Big guns hurdle to Taiwan's press
Big guns hurdle to Taiwan's press
By James Kynge
TAIPEI (Reuter): Taiwan's press, exulted by the West as a beacon of democracy in Asia, is under fire from big guns in government.
Nearly eight years after the lifting of martial law heralded unprecedented liberties here, Taiwan's leaders are saying that media reports sometimes damage the national interest.
Scoops exposing sensitive issues merely deliver secrets into the gleeful embrace of arch-rival China, officials are saying.
"If our news is very open, the Chinese communists will have the opportunity to suppress us," President Lee Teng-hui said in a rare news conference this week.
"If this suppression is successful...exposing the news in advance is extremely bad. It can ruin the whole plan," he added.

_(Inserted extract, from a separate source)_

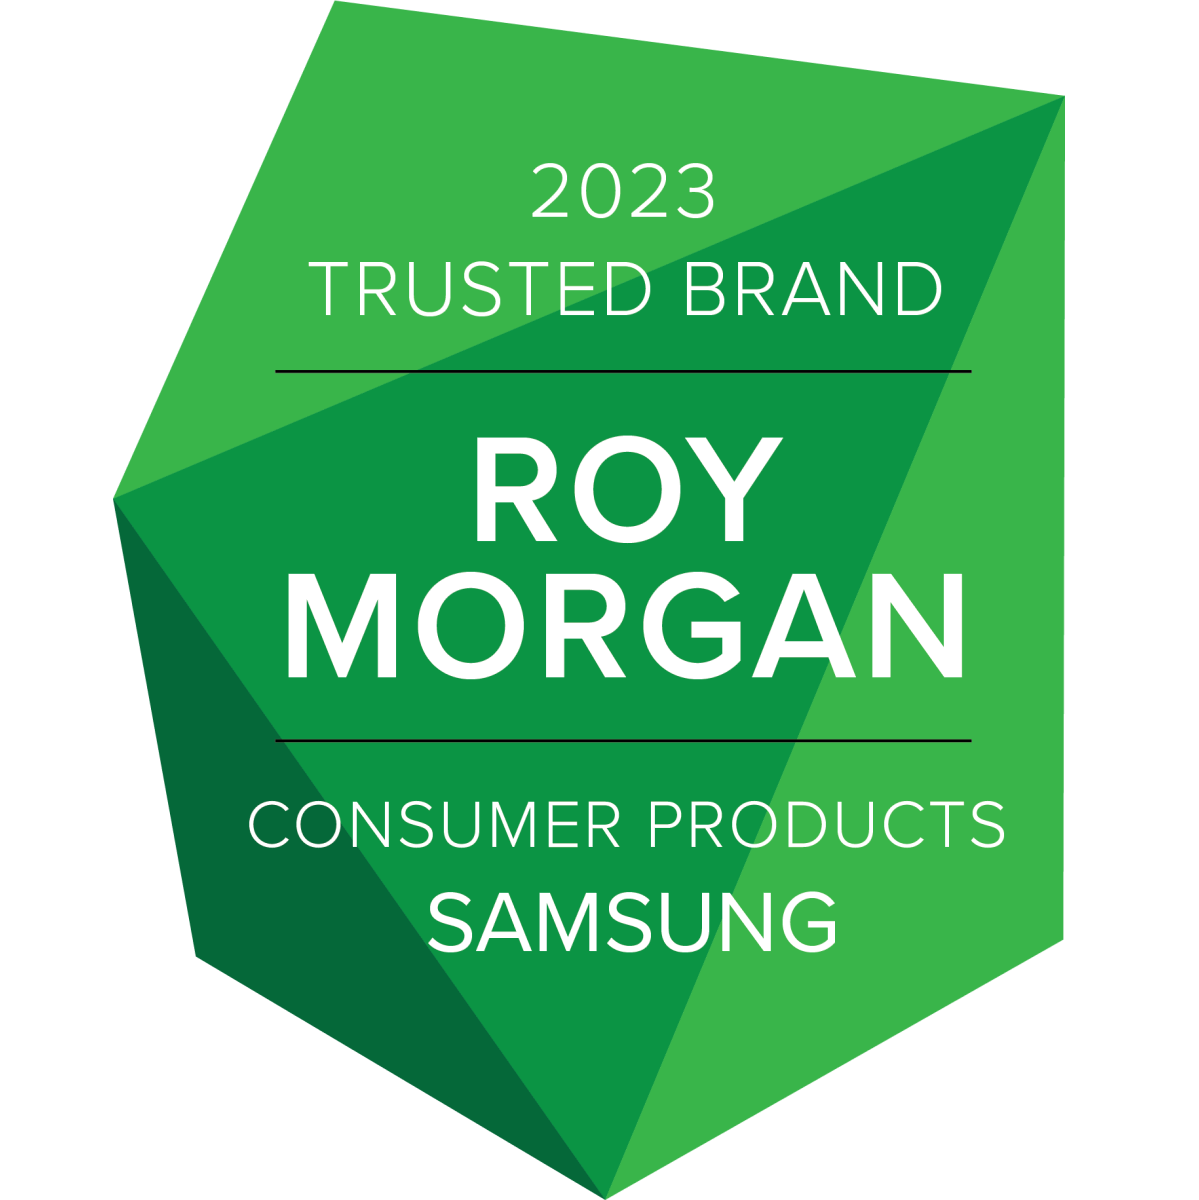 Roy Morgan Award logo
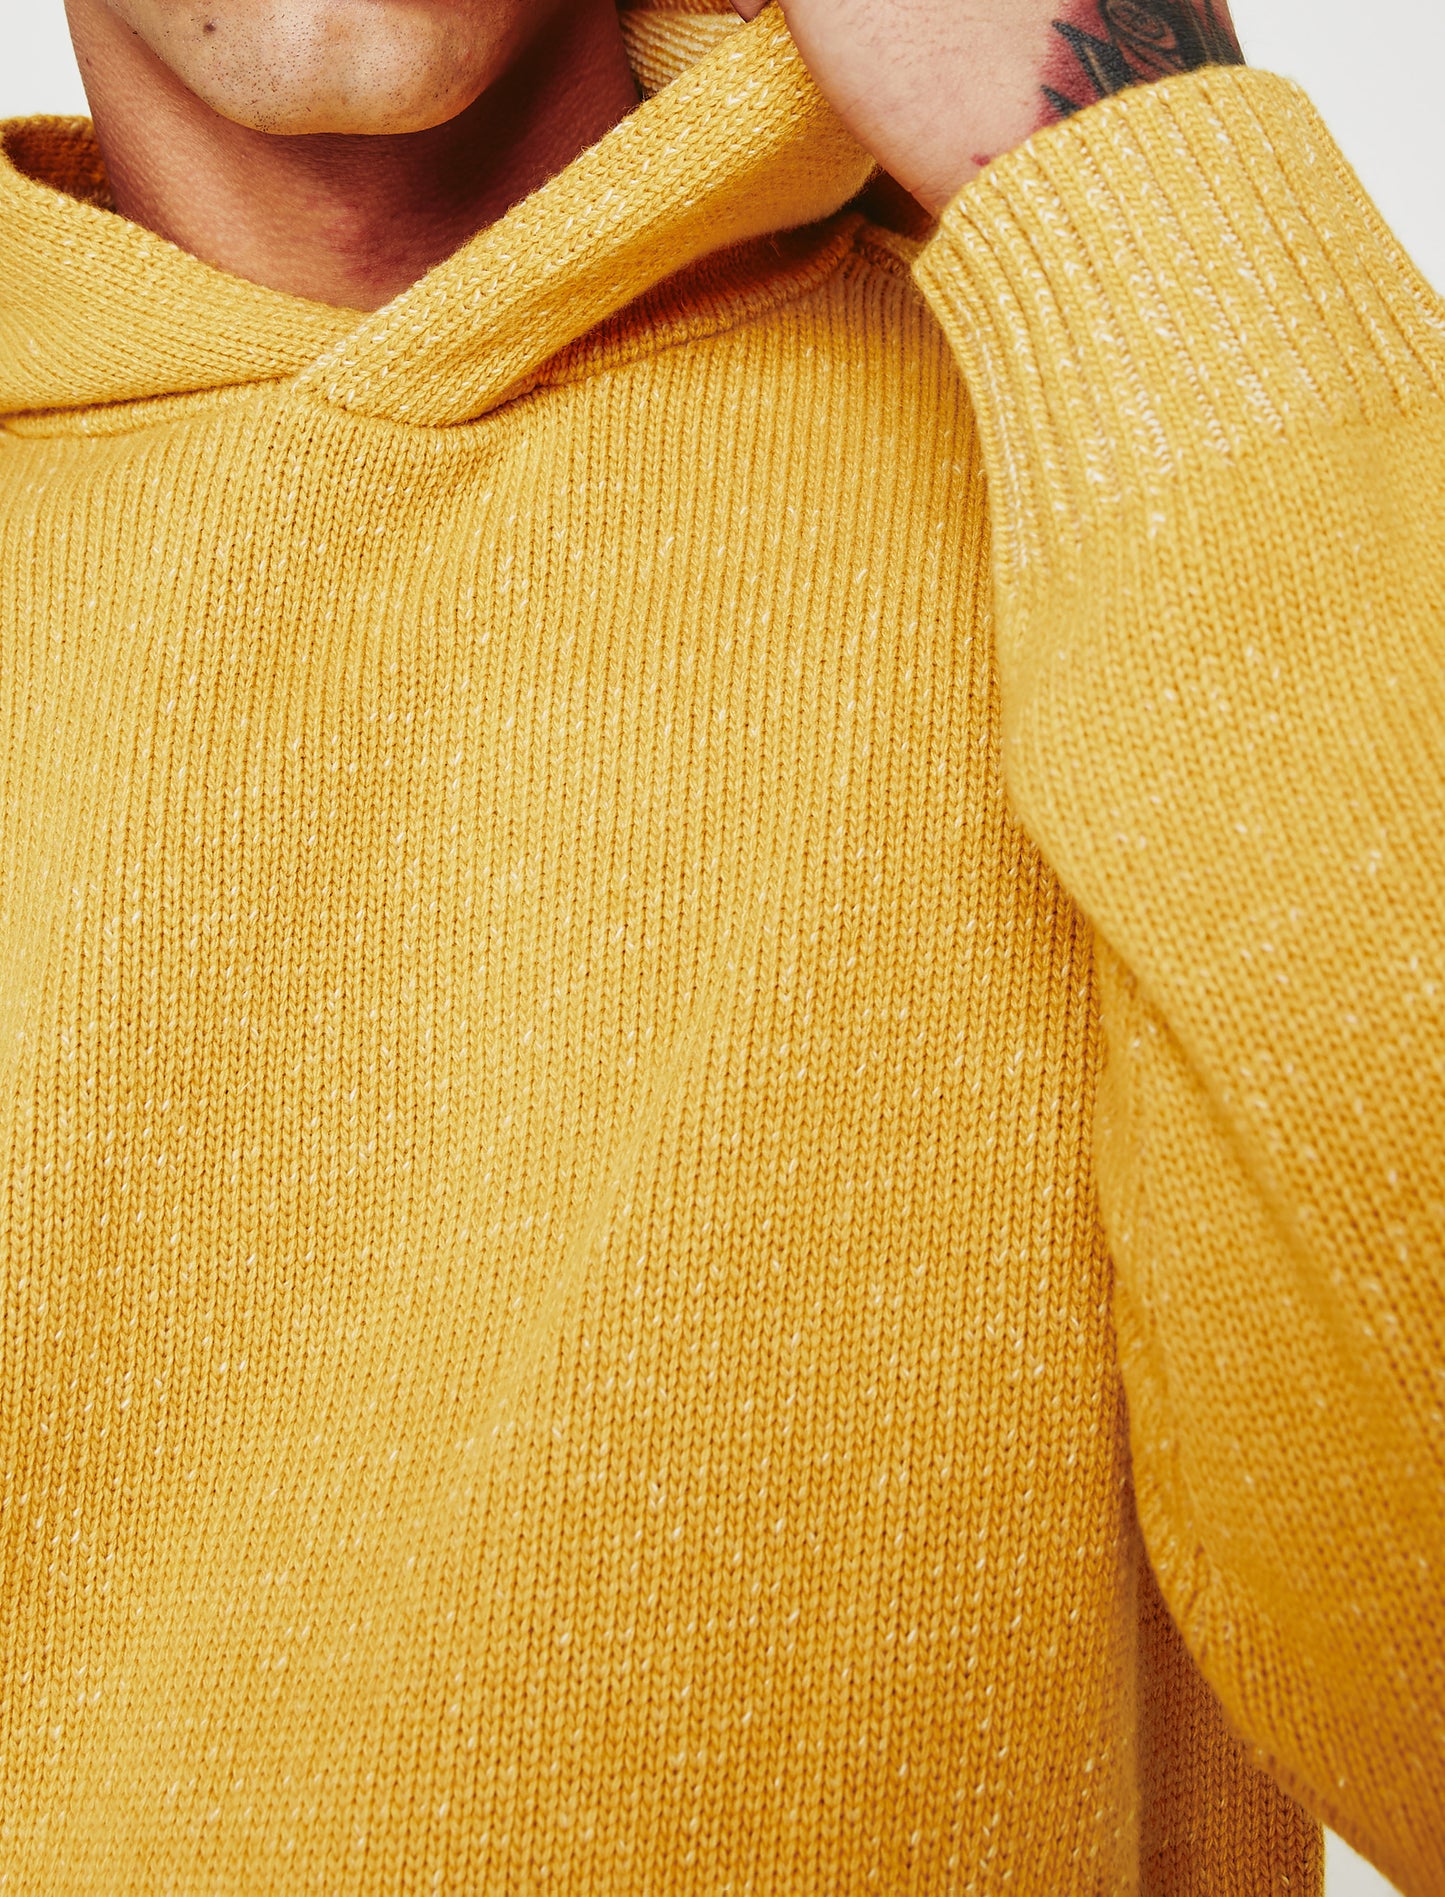 Jarren Hoodie Speckled Yellow Topaz Made In Italy Men Top Photo 3

He was talking about his recent trip to Jordan and the United Arab Emirates (UAE), which Lee said would have been more successful had it not been for the tip-off given Beijing by Taiwan's media.
Lee said Beijing's diplomats had successfully pressured the UAE to receive him at a lower level than originally planned and had caused Israel to cancel Lee's planned visit there.
China and Taiwan have been rivals since Taiwan's ruling Nationalist Party lost the Chinese civil war in 1949 and fled to this island 220 km (137 miles) off China's southeast coast.
In contrast to China's muzzled press, Taiwan's media is among the most free in Asia.
The number of newspapers mushroomed following the end of martial law, rising to 251 by mid-1989 from just 31 before the relaxation of controls.
In the drive to scoop each other and win a circulation war, newspapers here have cast off most of the self-restraint they used to practice.
The president is not the only one disenchanted with the results.
In the recriminations that followed an embarrassing recall of an armed patrol sent to the disputed Spratly Islands in the South China Sea this week, the interior minister lashed out.
"We want to know how this big fuss happened," minister Huang Kun-huei told reporters this week. "Was it done by our colleagues or how did it happen? Or was it because of media reports?"
"Of course, we will impose punishments," he added.
Analysts said Huang and others were angry over the blaze of publicity which accompanied the patrol's departure, a factor which may have contributed to the quick censure which followed from the Philippines, Vietnam and Malaysia.
Earlier this year, Taiwan's top policymaker toward China, held a luncheon for the press and urged journalists to relax a little and not hype events out of proportion.
"I always answer my own telephone...but sometimes I will just have to say that I cannot answer the question," said Vincent Siew, chairman of the Mainland Affairs Council.
It seems unlikely, however, that the media will relax.
"The newspapers are very competitive for the sake of their survival," said Antonio Chiang, publisher of a popular magazine, The Journalist.
He said the government lacked skill in handling the media, noting that officials were denying Lee's scheduled trip to the Middle East just days before he left.
"We know that diplomats are paid to lie for their country. But their lying should be more of an art," Chiang added.